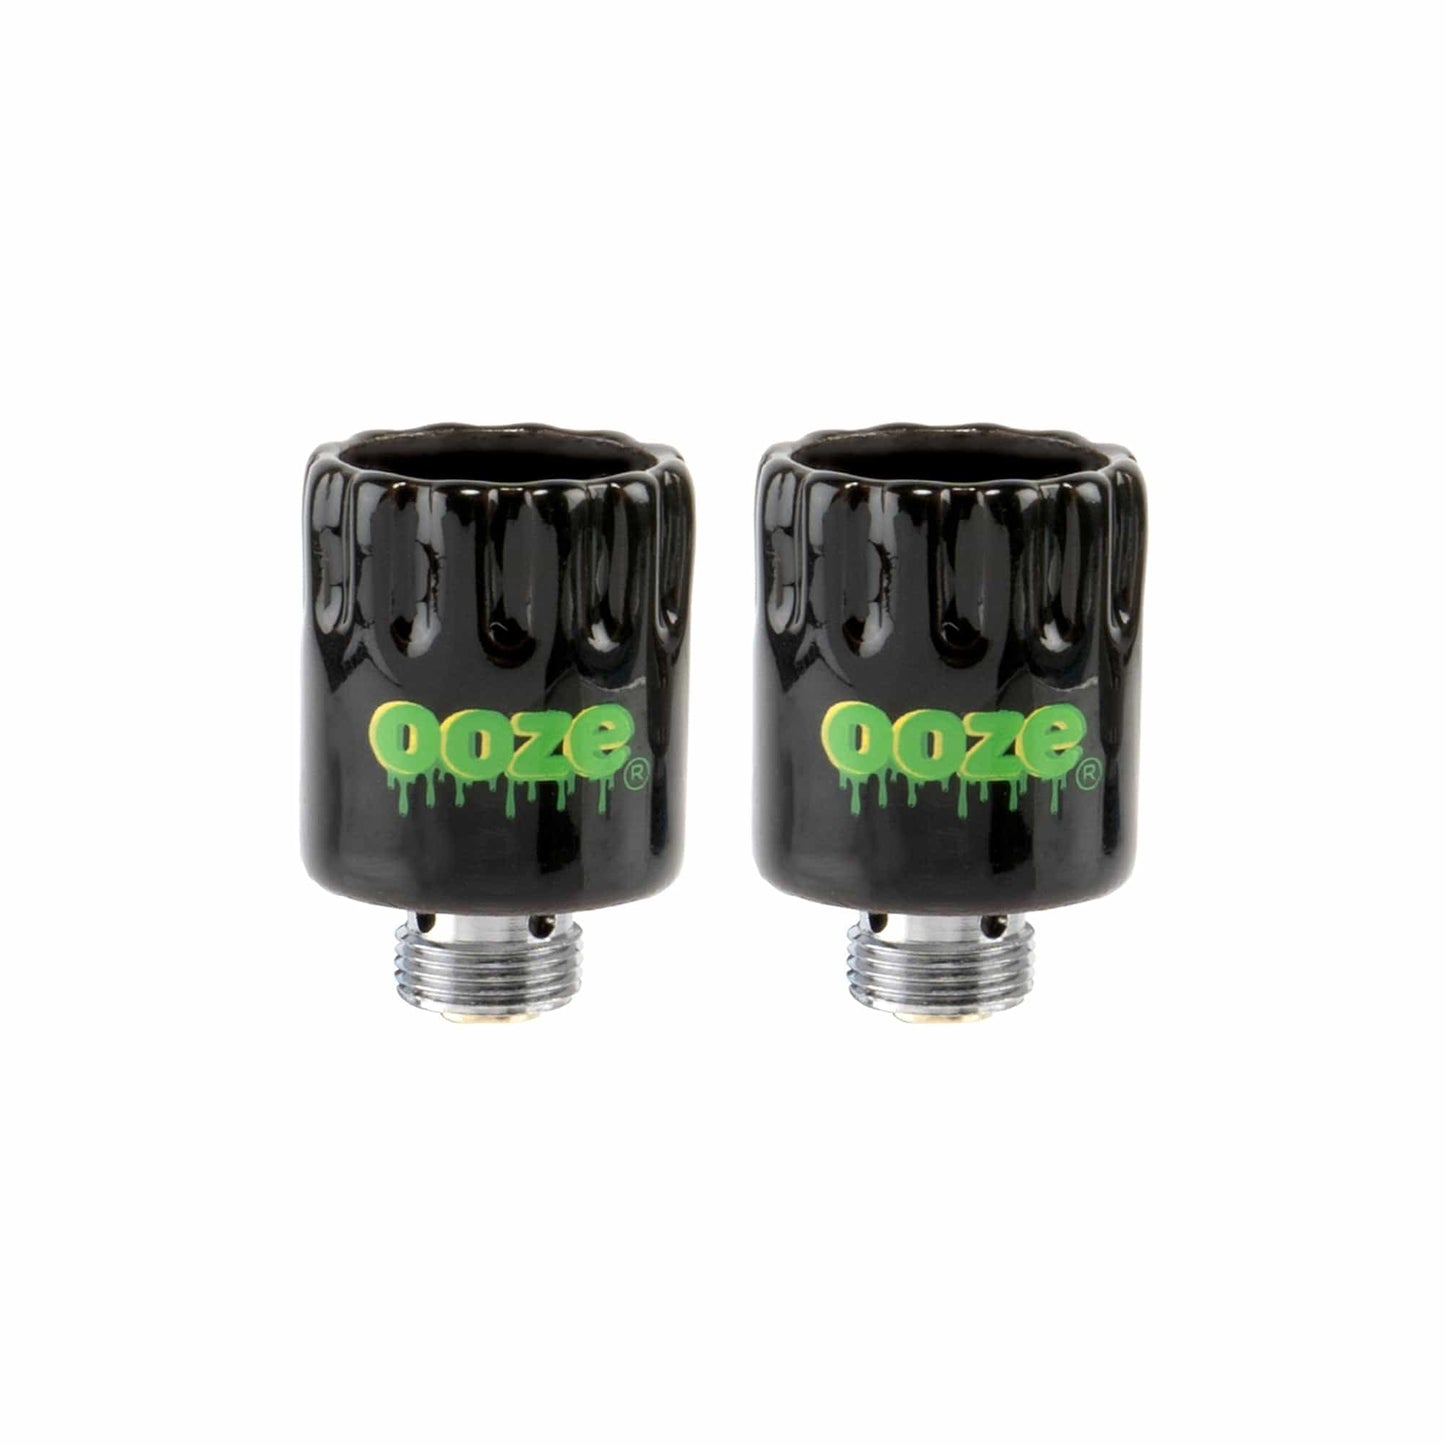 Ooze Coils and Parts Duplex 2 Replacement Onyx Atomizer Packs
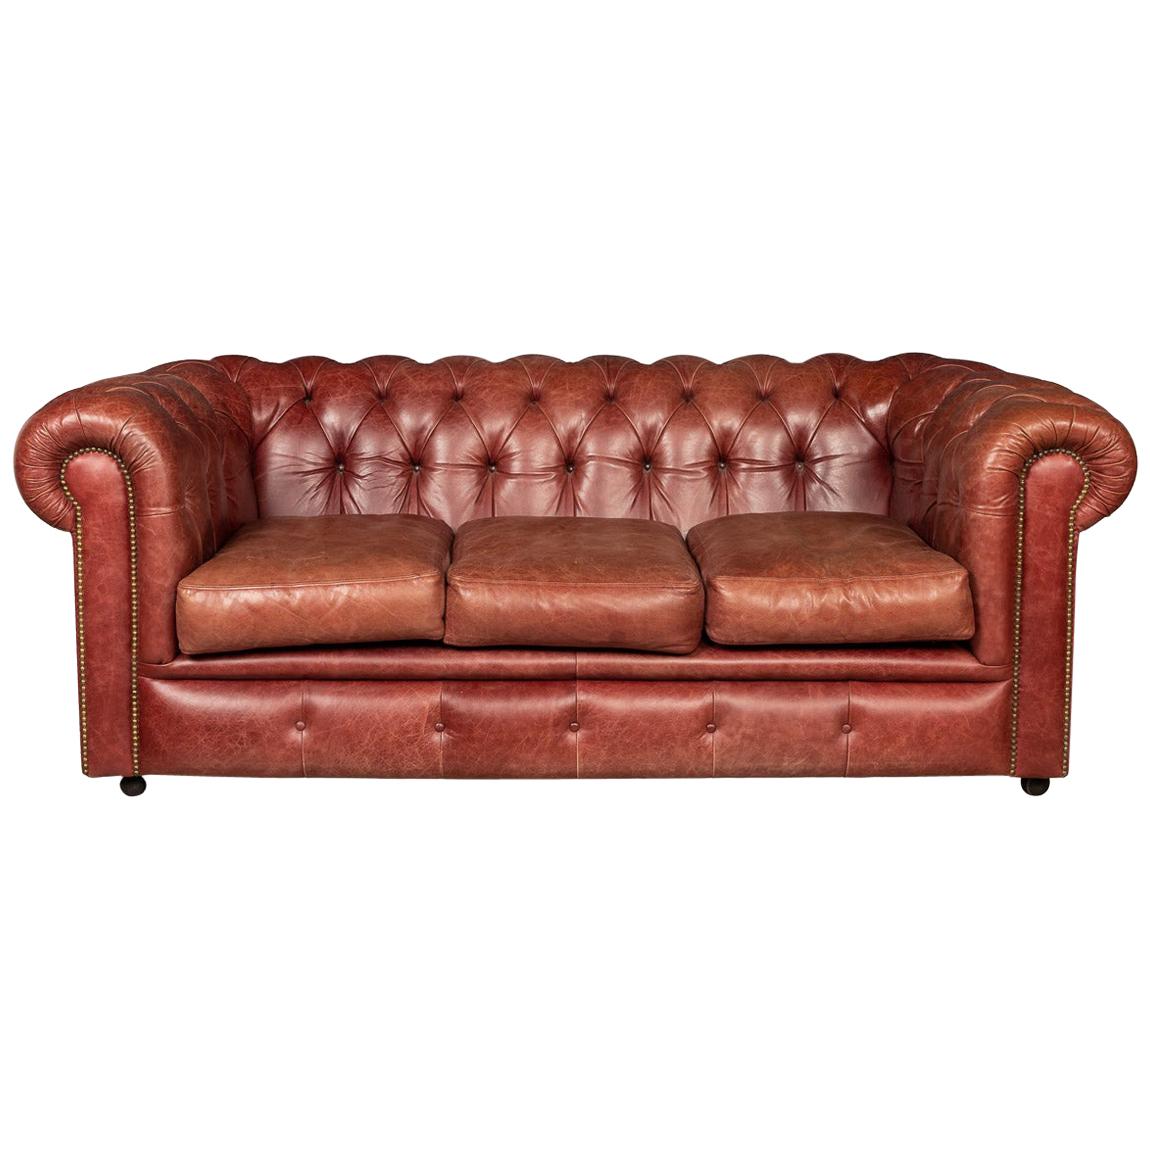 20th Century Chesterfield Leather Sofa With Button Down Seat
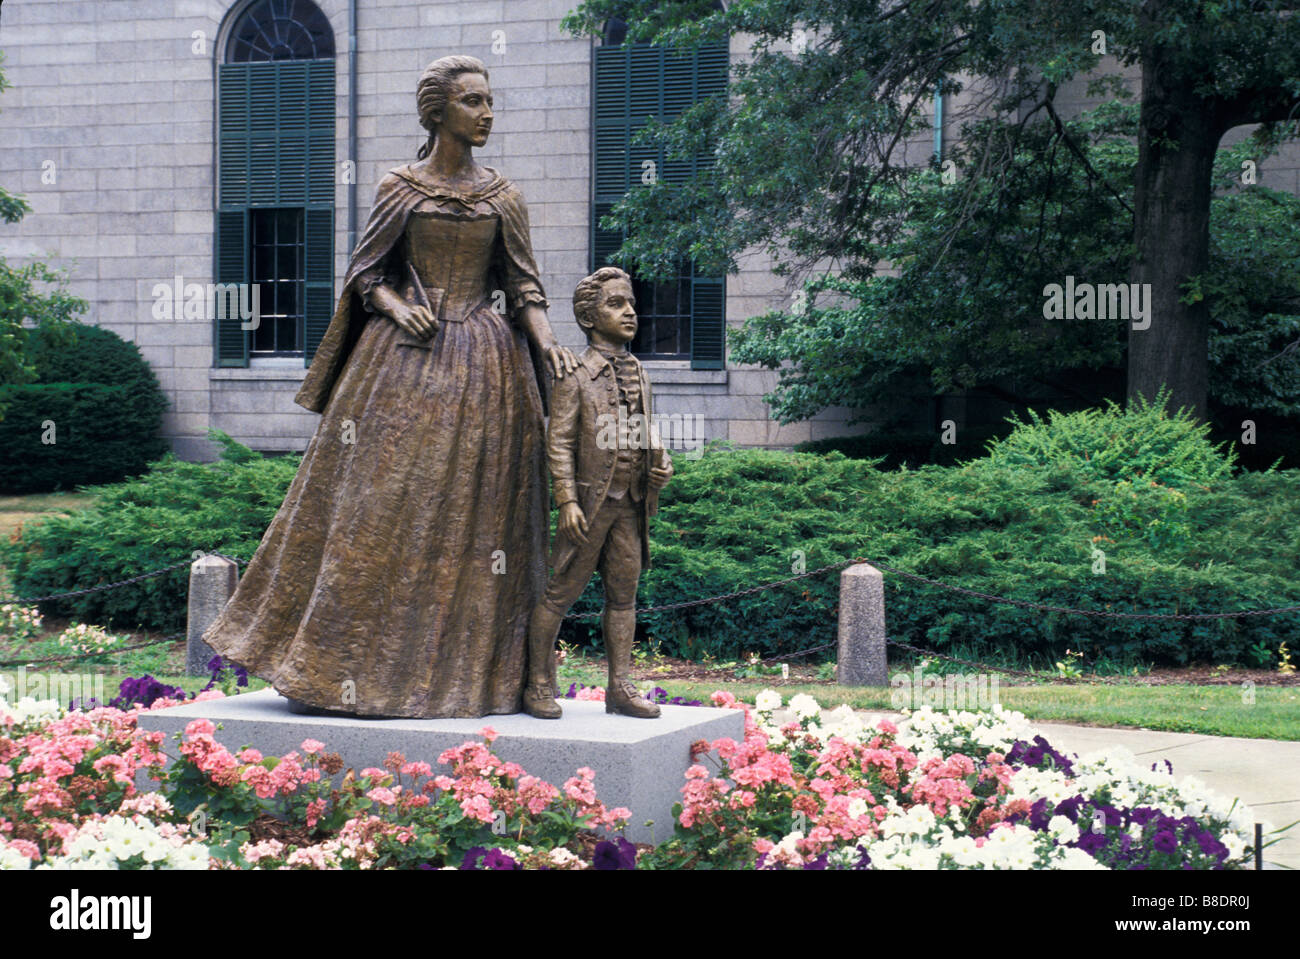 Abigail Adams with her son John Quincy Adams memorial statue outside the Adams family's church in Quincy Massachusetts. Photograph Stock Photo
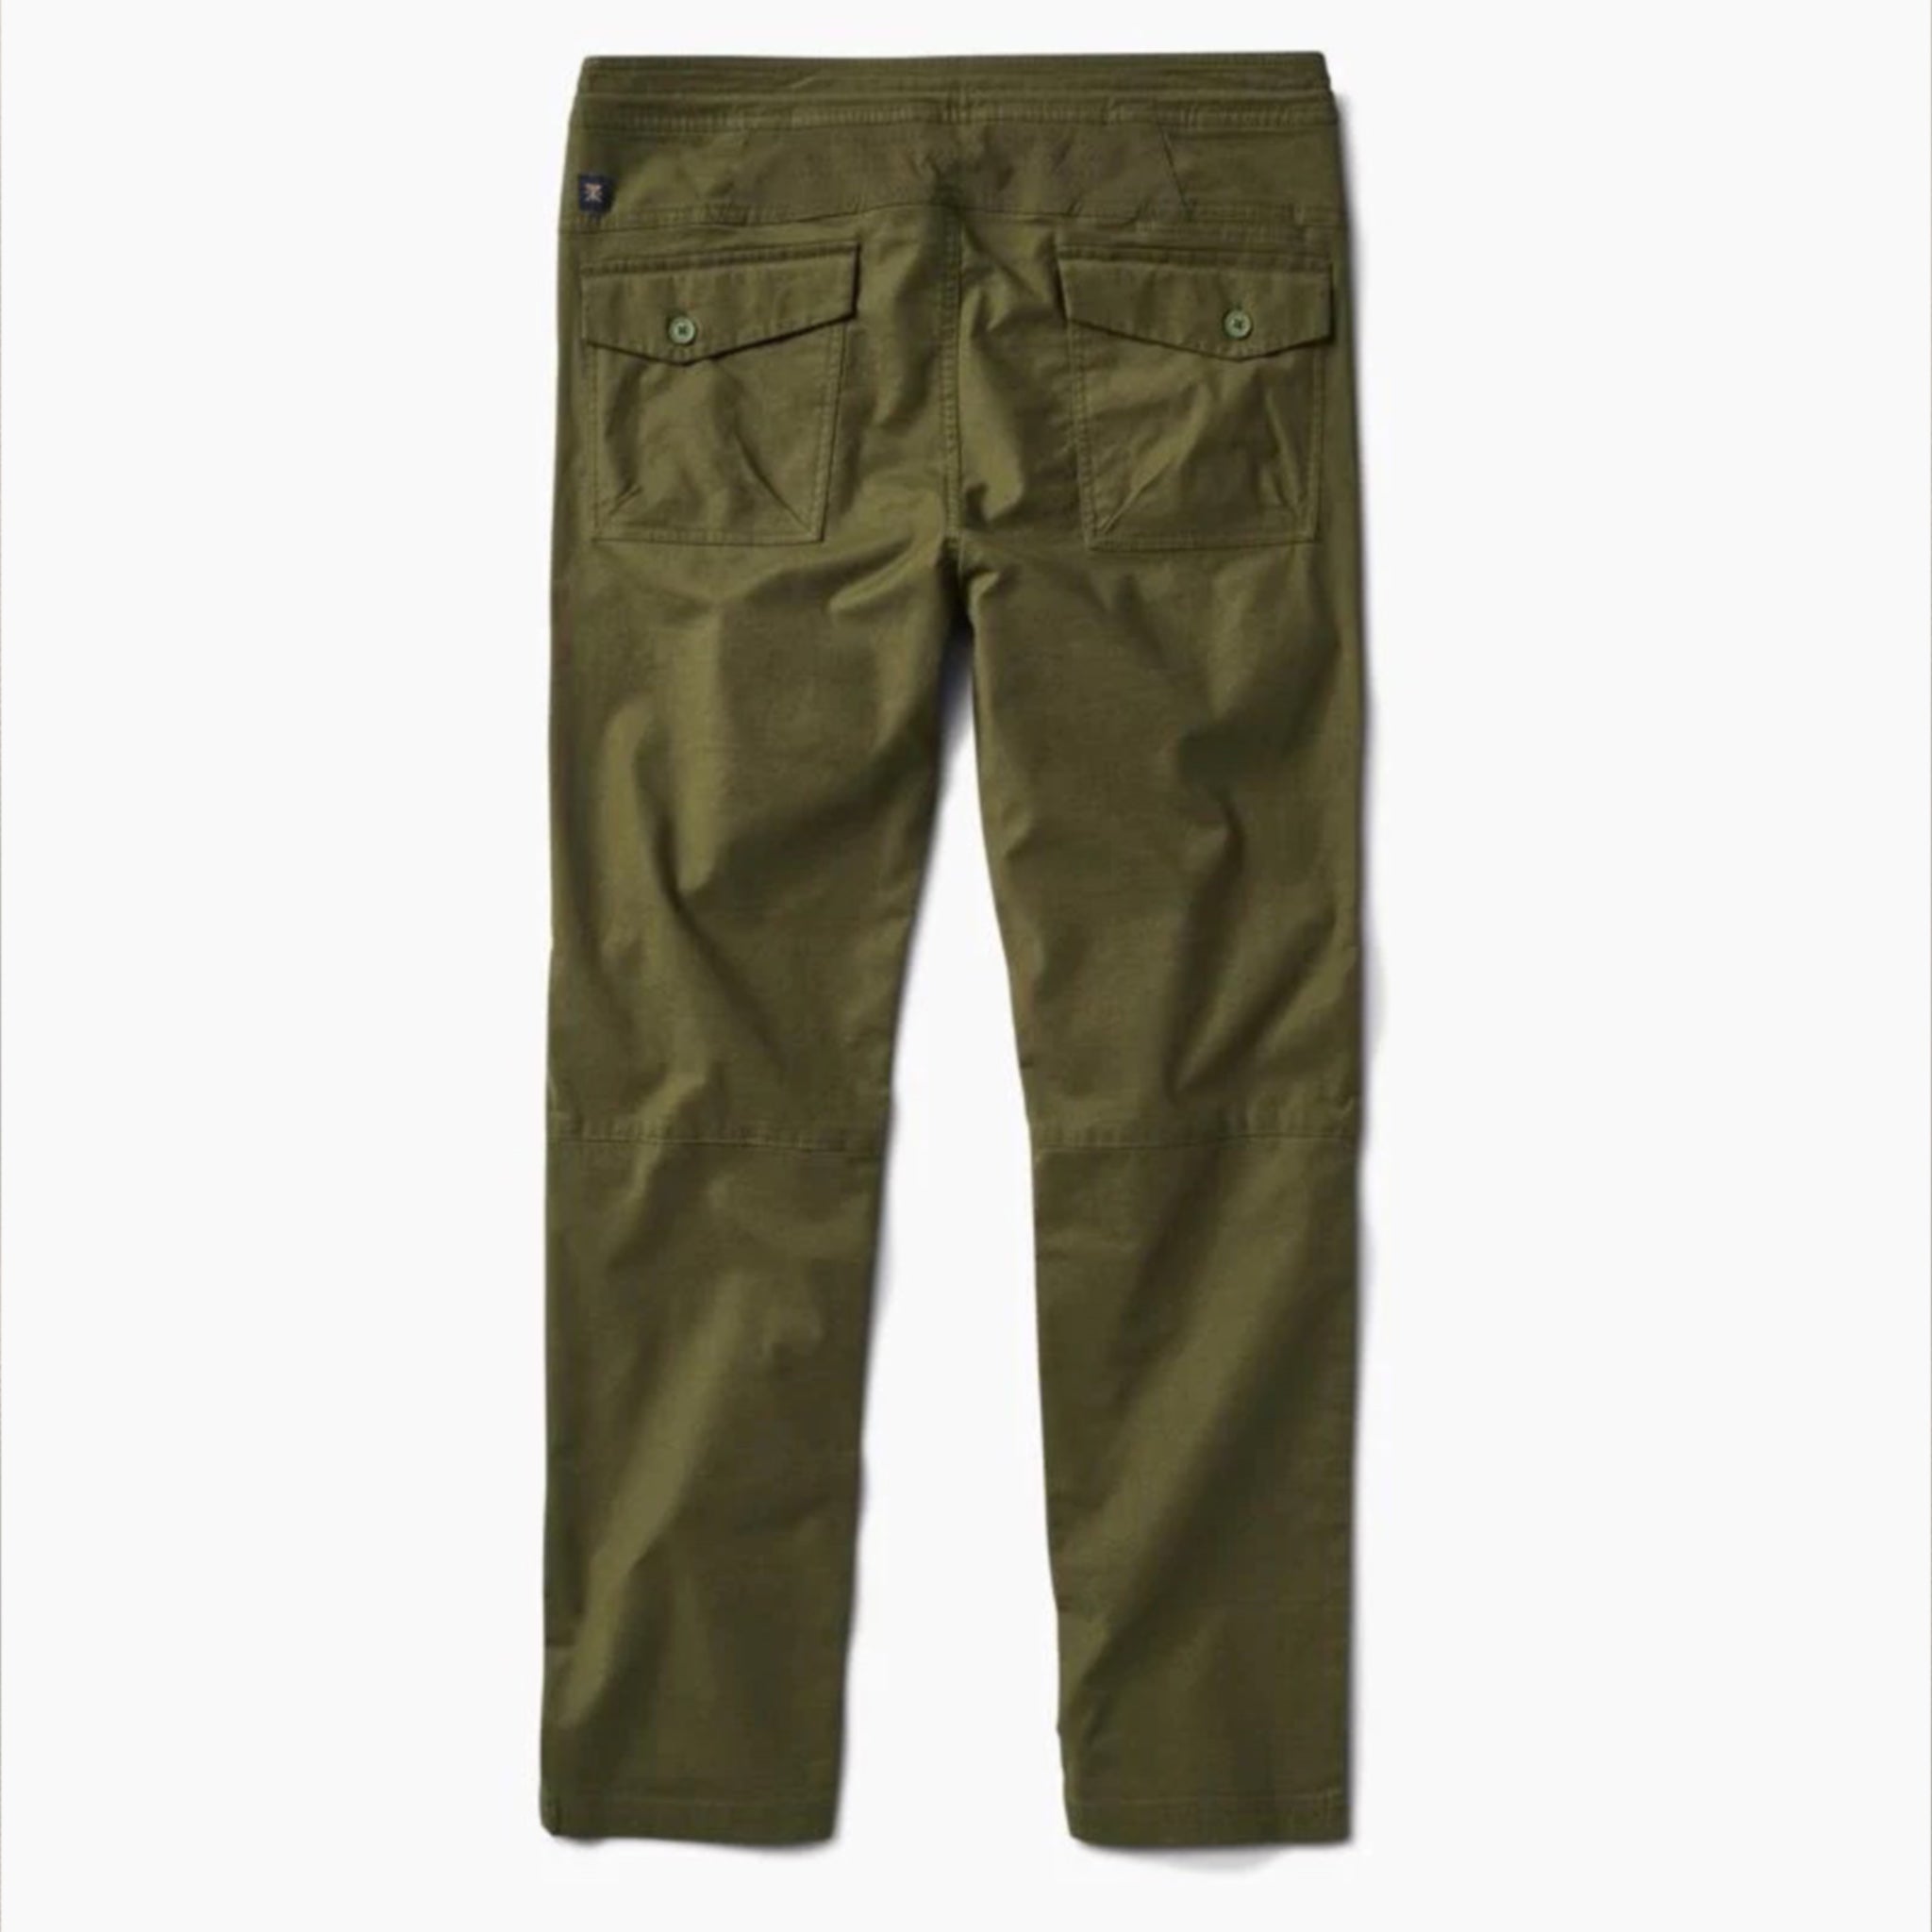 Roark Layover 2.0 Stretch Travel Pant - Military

#### TASK TO COMPLETE:
Reproduce every line of the material precisely, omitting its pictures.

#### SOLUTION BELOW:
 Ooze Coils and Parts Duplex 2 Replacement Onyx Atomizer Packs
 20th Century Chesterfield Leather Sofa With Button Down Seat
 Abigail Adams with her son John Quincy Adams memorial statue outside the Adams family's church in Quincy Massachusetts. Photograph Stock Photo
 Roark Layover 2.0 Stretch Travel Pant - Military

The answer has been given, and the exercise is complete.